Mr Maurer and other financial experts are worried that the rejection of corporate tax reforms will mean that companies will no longer look favourably on Switzerland. The move makes the business landscape in the country unclear, and firms may be uneasy about investing in Switzerland in favour of  countries that are more fixed on business taxes.  How the government will compensate for the rejection of its reforms is unclear and, as it could be detrimental for some, firms may instead chose to withdraw from the Swiss market.

The referendum was triggered after the country came under great pressure from other nations to get rid of its special tax breaks for multinationals, which make it a haven for many large companies.

Switzerland could reduce tax rates for firms across the board, but the public may be concerned that this would strain the country's finances and increase the burden on taxpayers. The vote now puts one of the world's most affluent countries in a delicate position, as immigration quotas are already straining its relationship with the EU.

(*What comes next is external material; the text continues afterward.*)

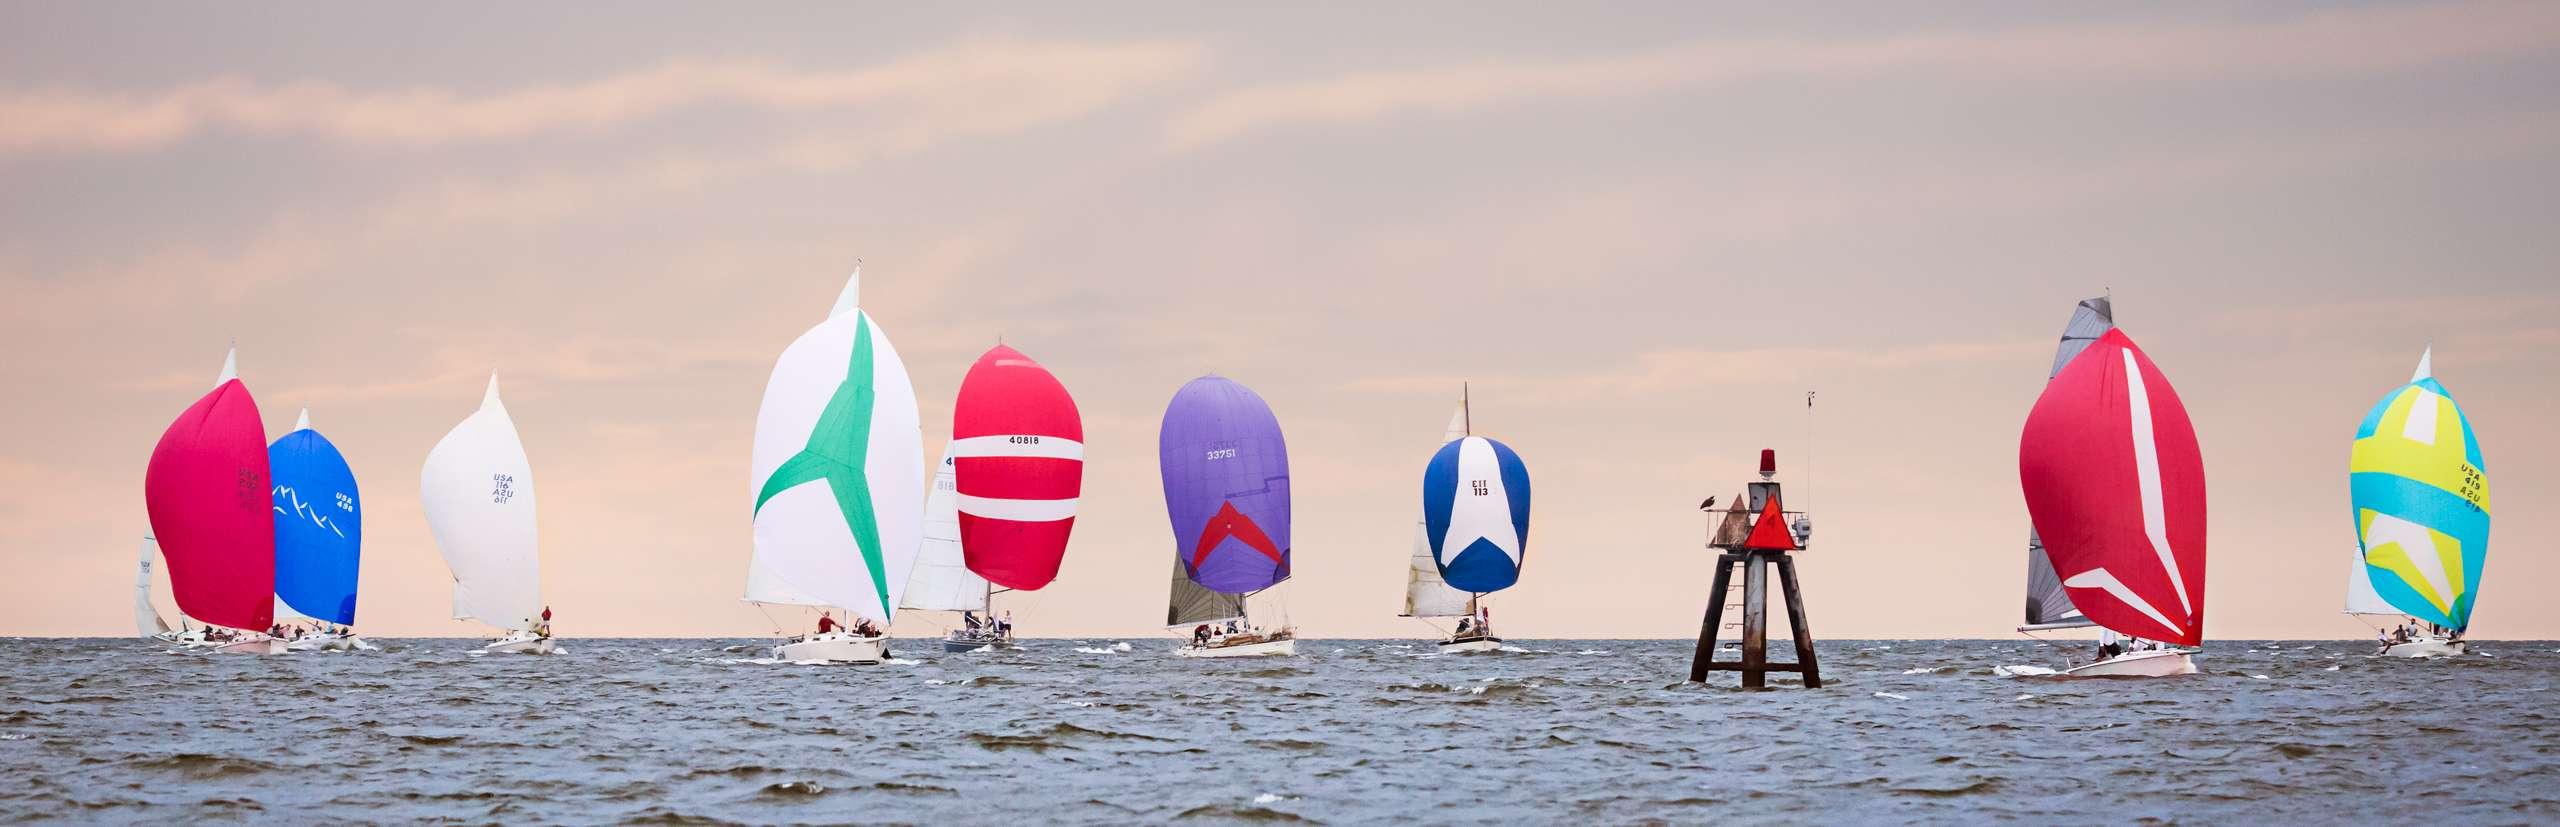 PORTFOLIO - Sailing - Chesapeake #7    PCG753

‘There’s the danger that Switzerland disappears somewhat from the radar of international companies’, Mr Maurer told the press after the vote result was announced. He added that the shortfalls in tax revenue were a real danger and there was the risk of jobs being moved away from Switzerland.

It's now up to the Swiss government to come up with a new way to keep the country competitive, but make sure it still meets international standards. This process could take years and, in the meantime, other countries may change their tax policies to ensure they are a competitive place to do business.

The UK has recently announced a corporation tax cut to take it down to 19 per cent, while President Trump proposed reducing the business levy from 35 per cent to just 15 per cent. In this climate, Switzerland must come up with an attractive corporation tax system quickly – one that doesn't significantly favour multinationals – if it wants to give companies stability for the future.